College Students Cleaning a Stretch of Beach | Steve Alexander |
Reading about the most recent beach cleanup brought back memories of the many I did with my students on field trips to Port Aransas. The weeklong trips were filled with all things coastal, including a beach cleanup.
We would take a boat ride over to nearby San Jose Island and clean a mile-long stretch of beach. As students walked (see photo), they wrote down every item picked up. They also recorded the presence of sea turtle bites. I had previously seen bites on marine debris and wondered how common they were. So, my students started keeping track.
Kite-shaped Sea Turtle Bites | Steve Alexander |
Sea Turtle Bites Few in Number | Steve Alexander |
Item Shredded by Sea Turtle Bites | Steve Alexander |
Due to the triangular nature of their jaws, sea turtle bites are very distinctive and have a kite shape (see photo). Typically, bites were few in number (see photo). But on occasion, they were numerous enough to shred an item (see photo).
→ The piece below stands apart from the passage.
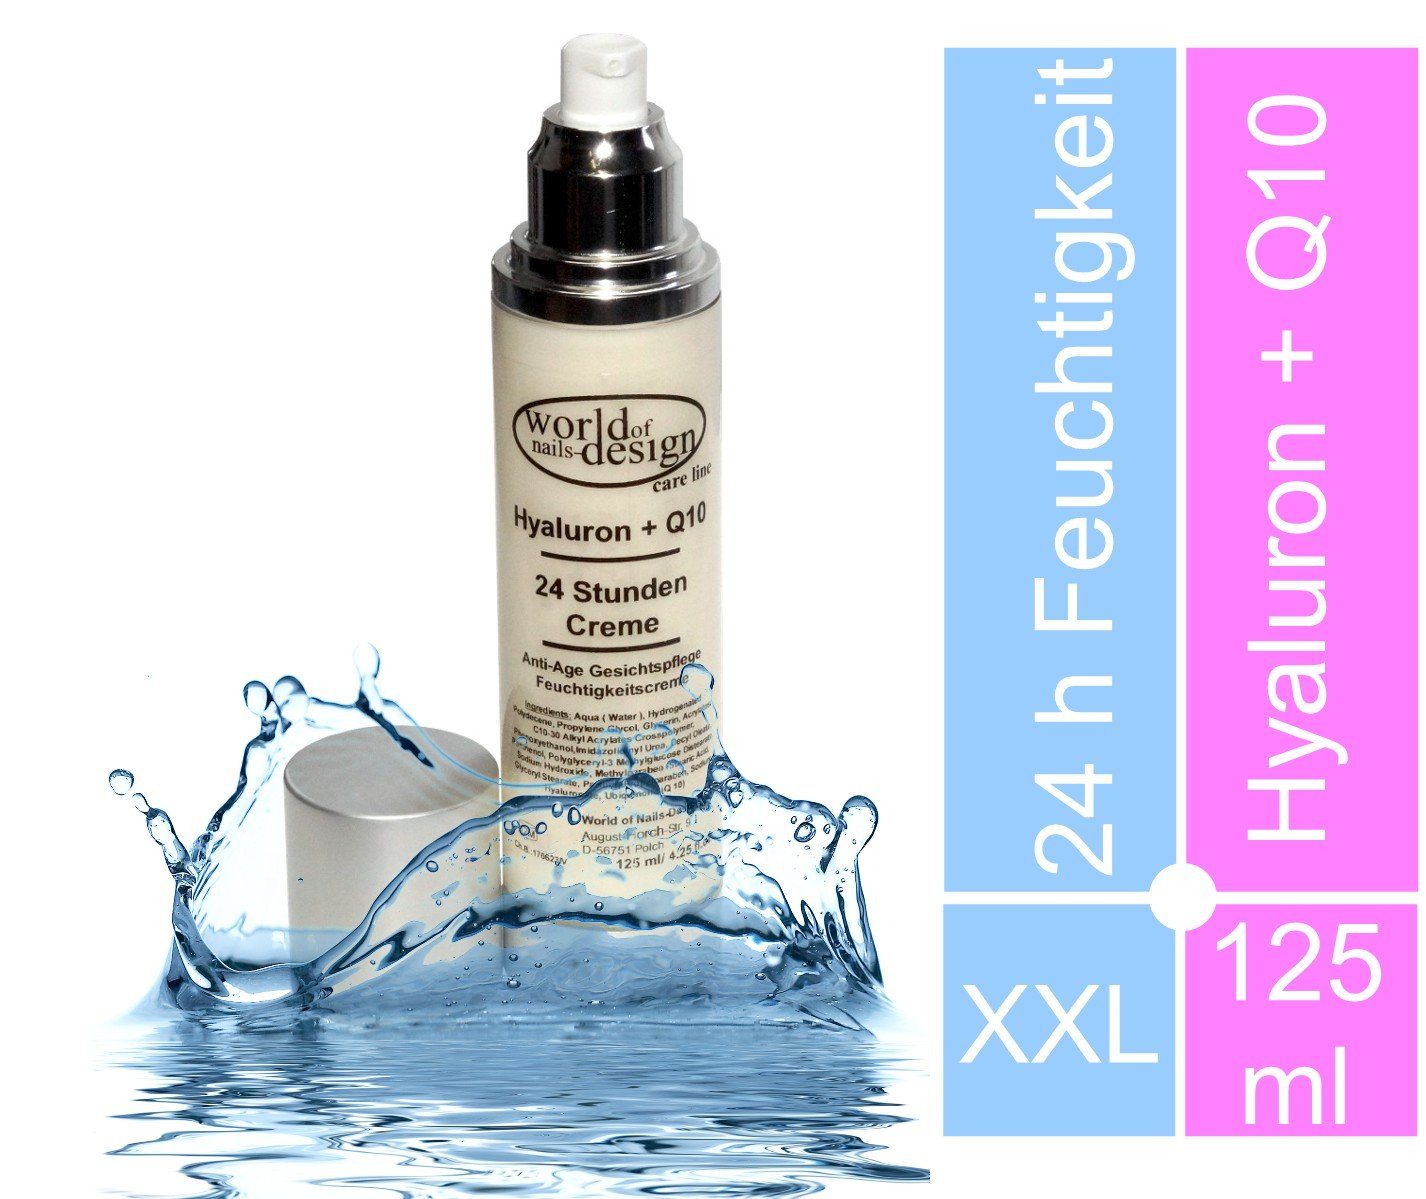 World of Stunden 24 Creme + Anti-Aging Q10, Nails-Design Feuchtigkeitscreme Hyaluron

On 14 trips to San Jose Island over 11 years, my students picked up a total of about 14,000 pieces of debris. Most were plastic or Styrofoam. These items float at the surface, where sea turtles munch on them.
Of the 14,000 pieces picked up, roughly 700 — or about 5% — had sea turtle bites. The bite size was small at about 10 to 40 millimeters, which suggested juvenile sea turtles made them, perhaps mistaking the floating items for food. Because there were multiple bites, that also suggests juvenile sea turtles can’t detect these items aren’t food. The plastic pieces bitten off either float away or are ingested. Sharp pieces of plastic that are ingested can cause intestinal bleeding or blockage, resulting in starvation and death.
So, what can we to do to help? Two things: Volunteer to help with the General Land Office’s next beach cleanup in the spring; and whenever you’re around water — whether inland, on the beach or offshore in the Gulf — do not dispose of debris of any kind by throwing it onto the ground or into the water.
If all of us do that, we can help remove at least one of the threats facing sea turtles today.